Tuesday, July 15, 2008

Landing a Law Internship

Internship programs are a great way for a student to get real world experience in their field of choice, but for those studying to become attorneys interning is a must. Since this industry is, by nature, competitive, not doing a law internship will put a student behind in their career before they even begin.

Although programs can be found at various times during the year, the most popular season for law internships is the summer. Since law school can be rather intensive and legal internships are also demanding, the break period is the best for all involved. Participating in a program at another time requires great time management skills or a decreased course load. For those who do not believe they can manage such, there are always shortened internships available that last as little as a week and usually take place during spring break or other vacation periods.

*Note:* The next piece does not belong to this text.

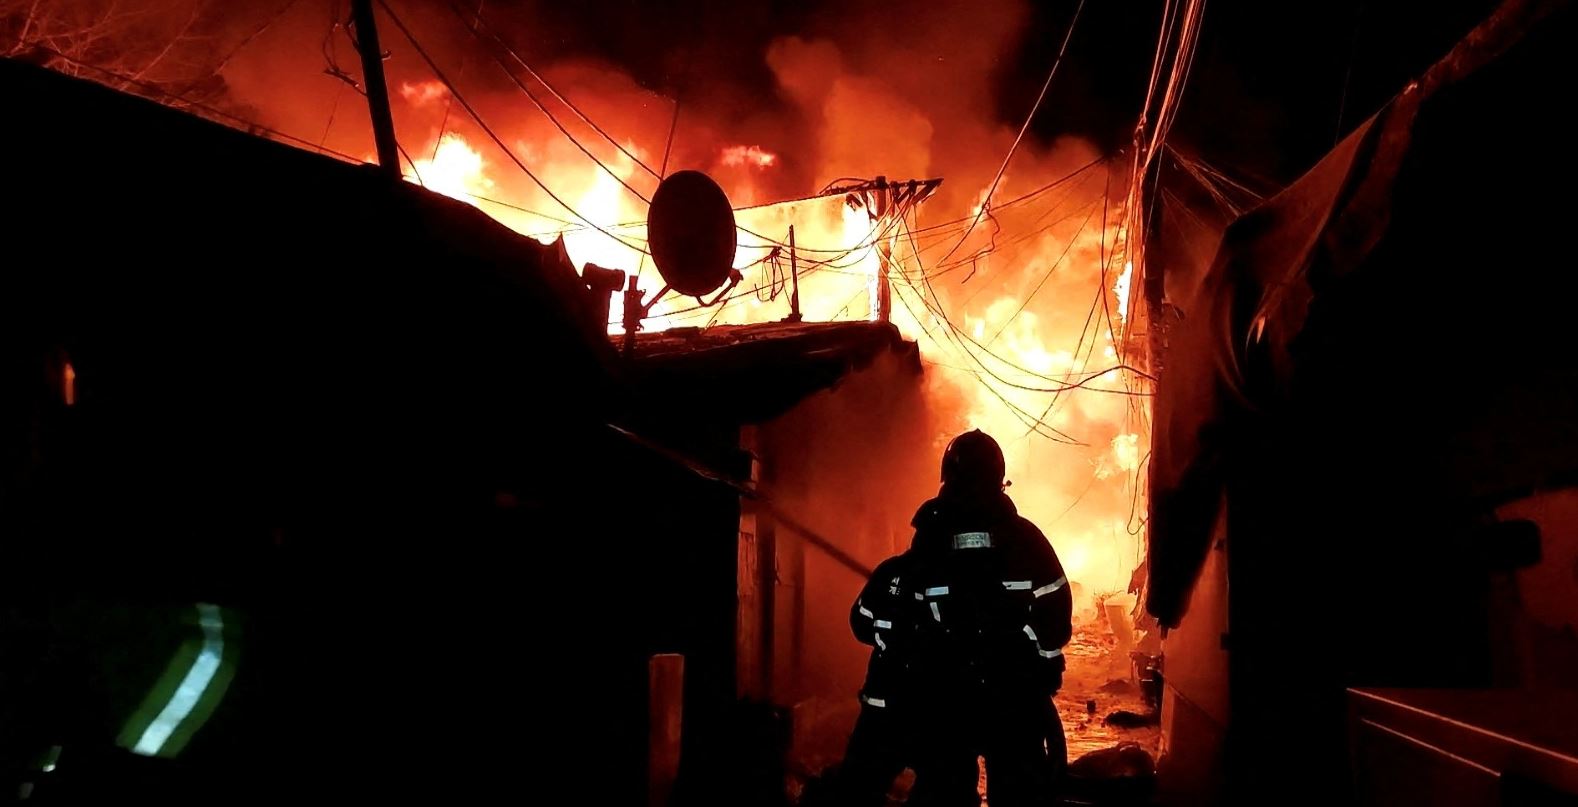 Coreea de Sud: 500 de persoane evacuate si 60 de locuinte distruse dupa izbucnirea unui incendiu la Seul

One extremely positive thing about internships in this field is that they are almost always paid. Law interns tend to make more for their time with a company than students in any other field. Because of this, a law student rarely has to concern themselves with the burden of a part-time job during their internship.

A student interested in interning in this field should put some time considering which field of law they hope to practice in and do there best to secure a position with a firm that specialize in that area. By doing this the intern can discover if they have chose the right type of law for them and possibly find a future employer.

Since law firms frequently use their internship programs as a manner of recruiting new employees, it is important that an intern take their position very seriously. n larger firms, where many interns may be all to be noticed, blending in and doing only the minimum required won’t result in an offer of employment. Law firms usually have an idea of exactly the type of person that would be suited to their practice.

For the most part, the field itself requires that an individual be good with factual information. Because of this it is important to back up ones claims with proof such as grades and positive performance evaluations. Other traits that are important to demonstrate include analytic ability, ambition and drive, flexibility, teamwork and interpersonal skills, discipline and organizational skills and commercial sense.